Step 1: Create Postgres DB on Render

Follow the steps from the hyf-project-template: https://github.com/HackYourFuture-CPH/hyf-project-template/tree/main/api#deploying

Step 2: Recreate Database using DBeaver

We'll use DBeaver to connect to the remote PostgreSQL database and run SQL commands to recreate our schema and data.

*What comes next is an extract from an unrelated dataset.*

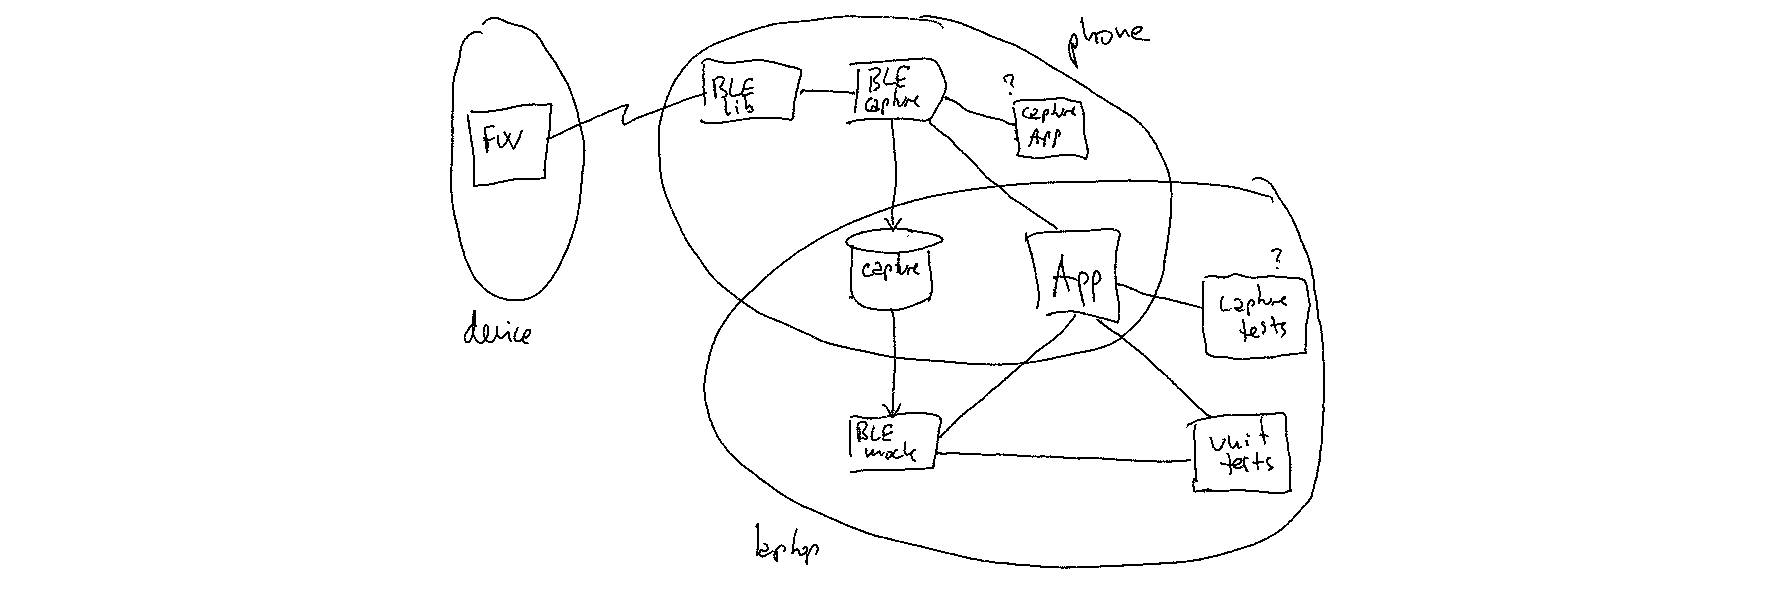 BLE auto-mocking diagram

  1. Connect to your PostgreSQL database on Render:

    • Open DBeaver

    • New Connection (Ctrl + Shift + N) → PostgreSQL

    • Fill in connection details from Render's "Connection Info" page

    • Test connection

  2. Create a new SQL script:

    • Right-click on your PostgreSQL connection → SQL Editor → New SQL Script

    • Copy the provided PostgreSQL-compatible SQL (see tasks-postgres.sql in the assignment repo)

  3. Execute the script:

    • Paste the entire SQL content

    • Click Execute SQL Script (Not "Execute SQL Statement")

    • Should see an output saying the number of queries executed and the updated rows

  4. Verify:

    • Disconnect and reconnect to refresh

    • Expand Tables to see: user, task, status, user_task

    • Right-click any table → View Data to verify records

Step 3: Environment Variables

Environment variables allow us to configure our application differently based on where it's running (development vs production) without changing code.

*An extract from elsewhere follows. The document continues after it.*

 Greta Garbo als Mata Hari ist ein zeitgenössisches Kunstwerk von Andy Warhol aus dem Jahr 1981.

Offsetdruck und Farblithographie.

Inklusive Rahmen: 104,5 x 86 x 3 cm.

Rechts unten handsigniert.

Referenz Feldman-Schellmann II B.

Create a .env file in the example-api folder

# .env file for local development
NODE_ENV=development

# For production testing (get this from Render)
DATABASE_URL=postgresql://user:password@host:5432/database

[!IMPORTANT] Never commit .env files to git! They contain sensitive credentials. Always add .env to your .gitignore file.

Database Configuration Code

Show the trainees how the code switches between databases:

// example-api/index.js

// Development: local SQLite
const developmentConfig = {
  client: "sqlite3",
  //...
};

// Production: remote PostgreSQL
const productionConfig = {
  client: "pg",
  //...
};

Step 4: Test Both Environments

Now we'll test our API with both databases to see the differences.

Testing development (SQLite)

npm run dev

Open your browser:

What's happening

  • Reading from local tasks.sqlite3 file

  • Perfect for development and testing

Testing production (PostgreSQL)

# Update .env to use production
# DATABASE_URL=your-render-database-url

npm run prod

Open your browser to the same endpoints:

What's happening:

  • Reading from remote PostgreSQL on Render

  • Slightly slower (network latency)

  • Same data, different database engine

[!TIP] You can show the diagram again to illustrate how you are connecting to different databases based on environment.

Key Concepts to Emphasize

Environment Variables

  • Never hardcode database credentials

  • Different configs for dev/staging/production

  • .env file locally, Render UI for production

  • Always add .env to .gitignore

Migration Best Practices

  • Always backup before migrating

  • Monitor after deployment

  • Keep development and production schemas in sync

Alternative: Knex Migrations (Optional)

[!TIP] For production projects, you'll likely use migration tools like Knex.js to version-control your schema changes. This is beyond today's scope but worth exploring for your projects.

Questions to Explore

  • What happens if the remote database goes down?

  • How do we update the database after the first setup?

  • Can multiple developers work with the same production database?

Summary & Q&A

Key takeaways

  • SQL aggregates are your friends for calculations: reporting, dashboard stats

  • Security: Never trust user input, always validate.